> [RECORDS SUPPLIED]
= = =

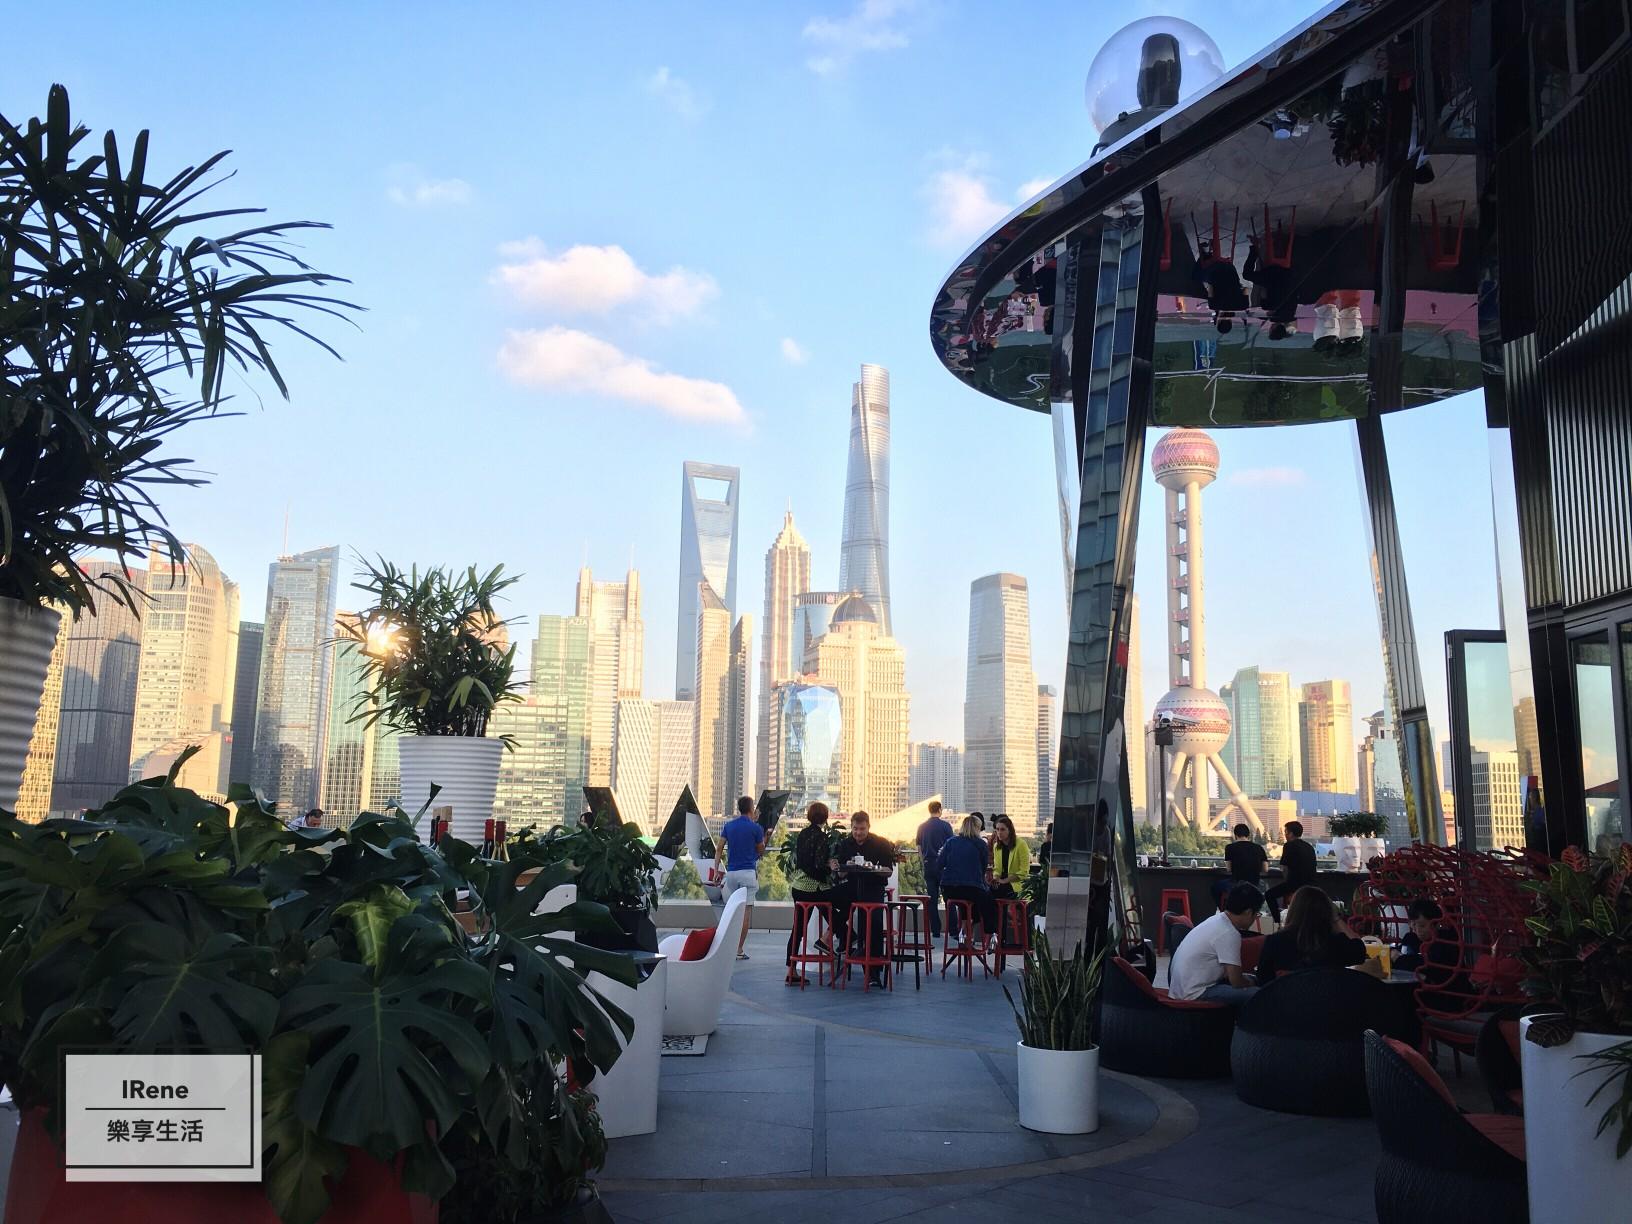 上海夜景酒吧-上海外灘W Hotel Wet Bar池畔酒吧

= = =

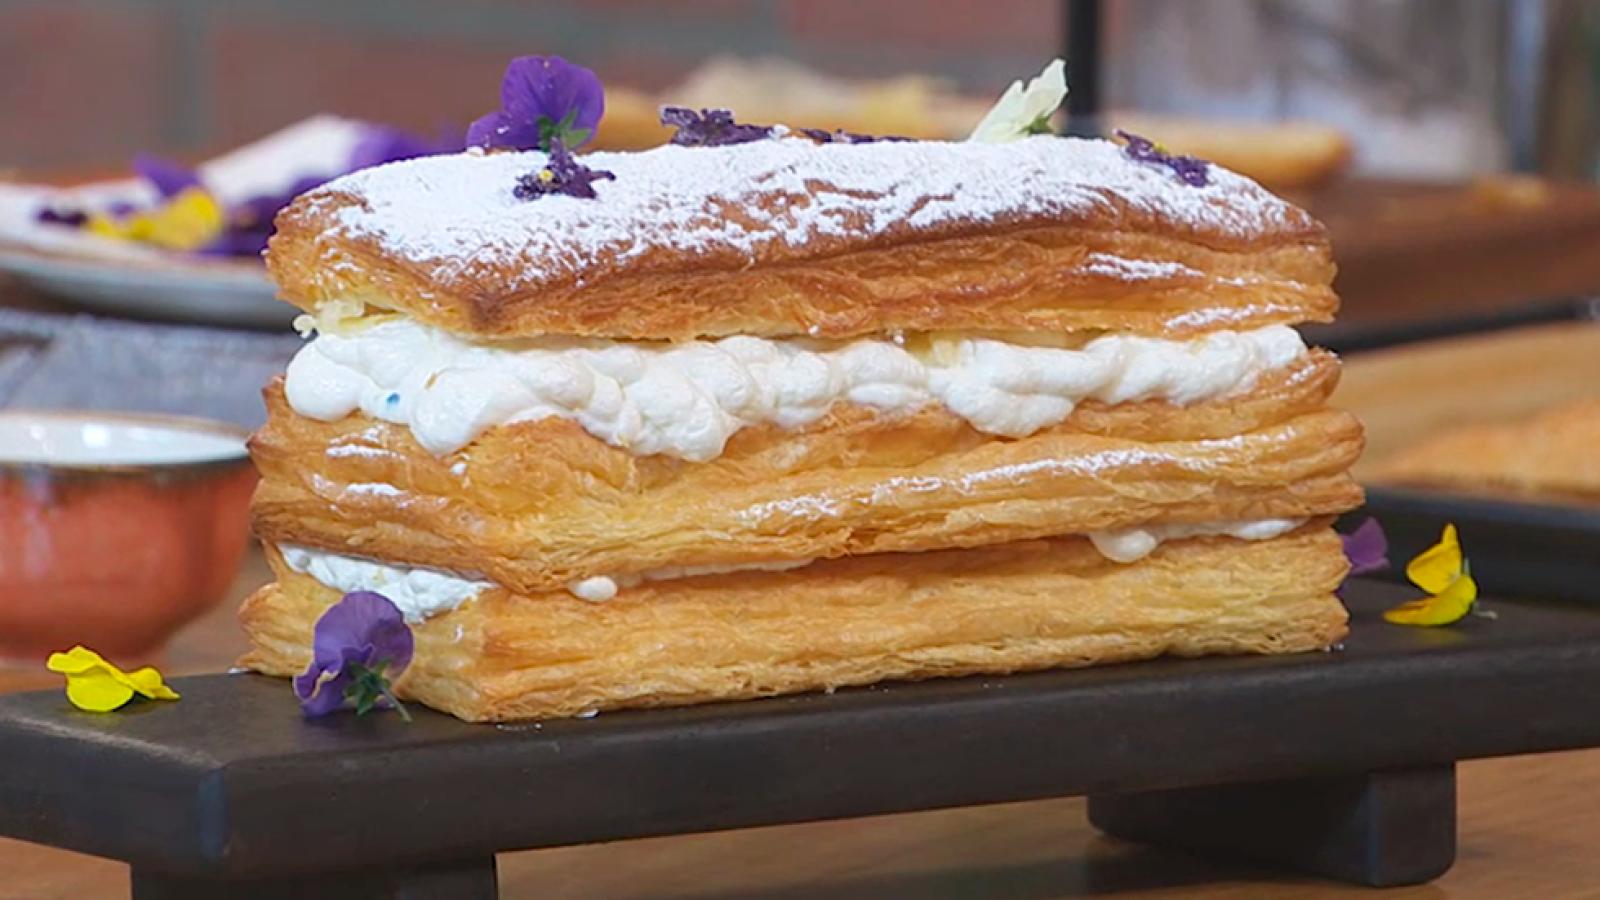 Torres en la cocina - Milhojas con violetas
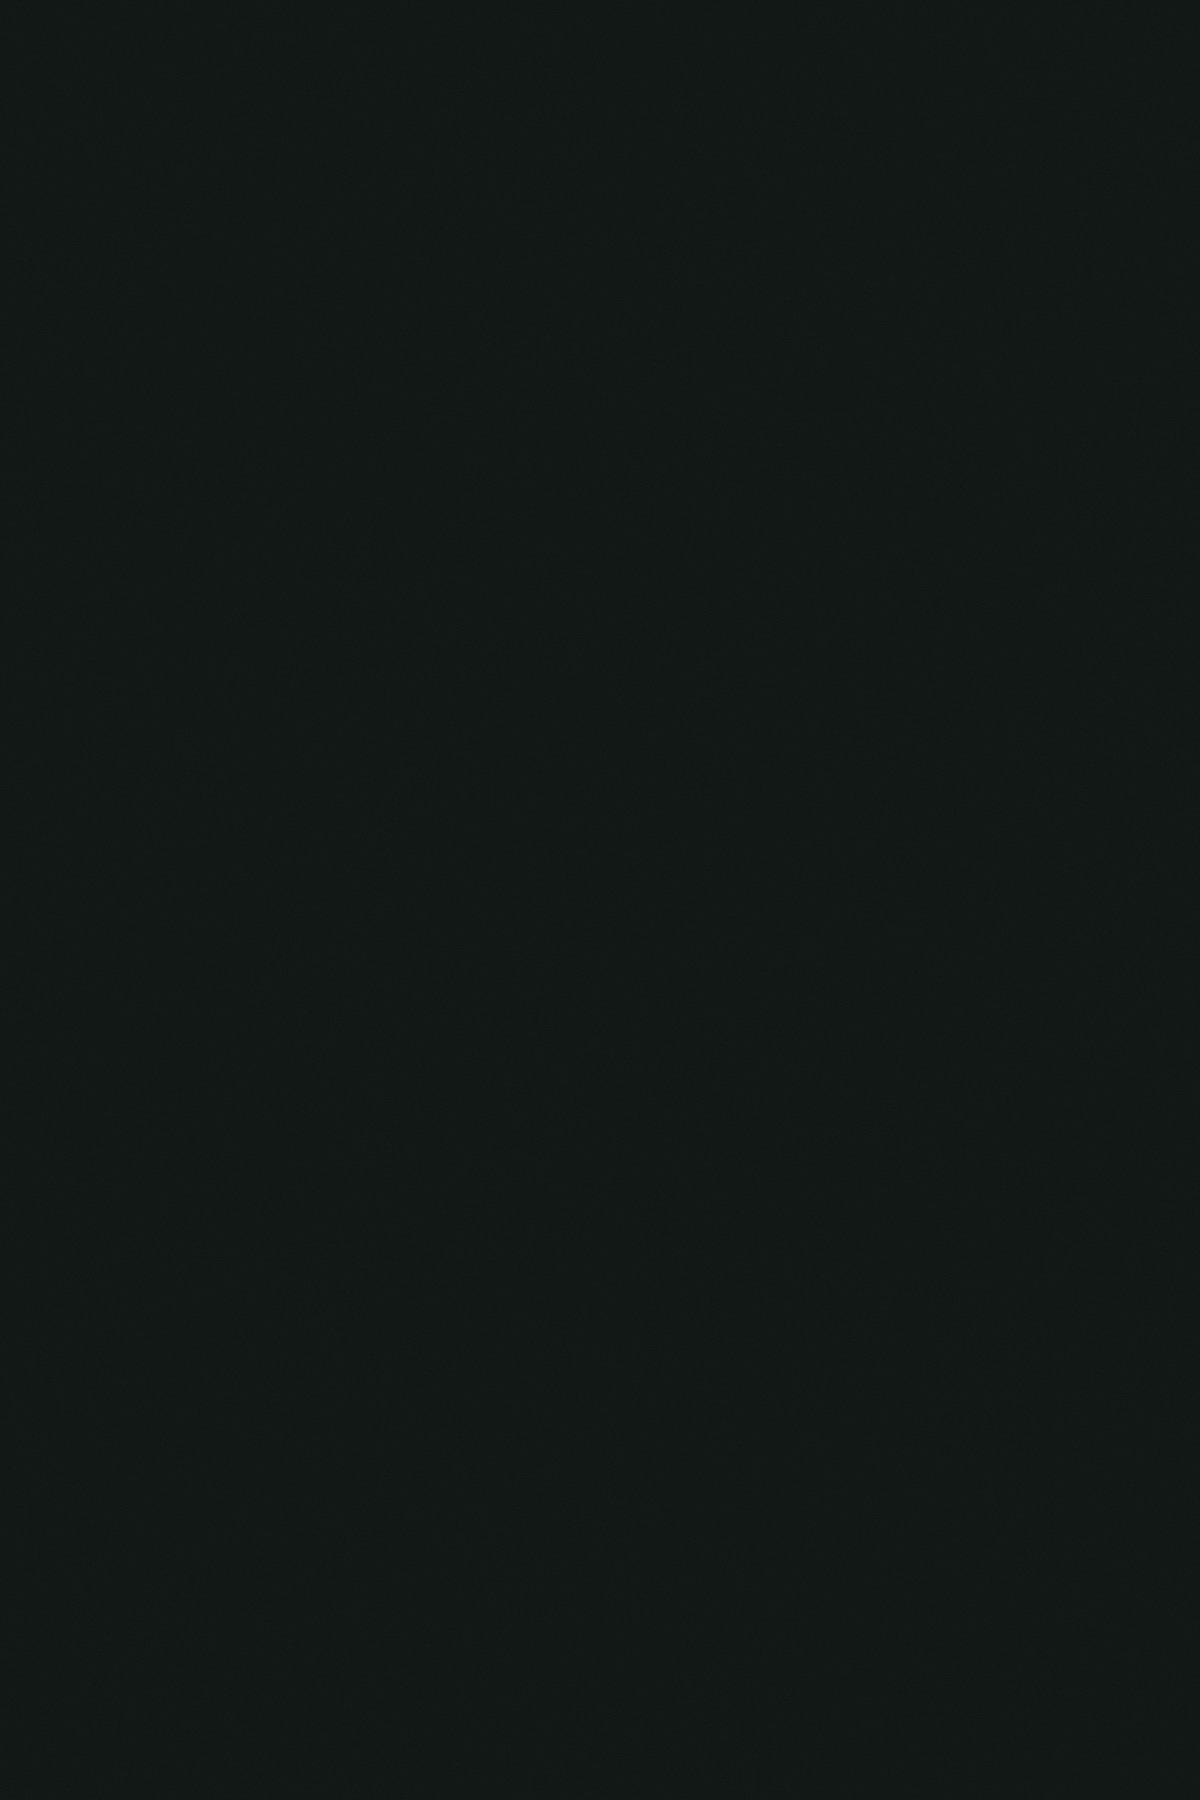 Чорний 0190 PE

= = =

> [DESCRIPTION OF THE TASK] Working from the records above, set down word for word everything from the line containing "Torres en la cocina - Milhojas con violetas" down to the line containing "Чорний 0190 PE", ends included, minus the pictures.

> [TASK RESPONSE]
 Torres en la cocina - Milhojas con violetas
 Чорний 0190 PE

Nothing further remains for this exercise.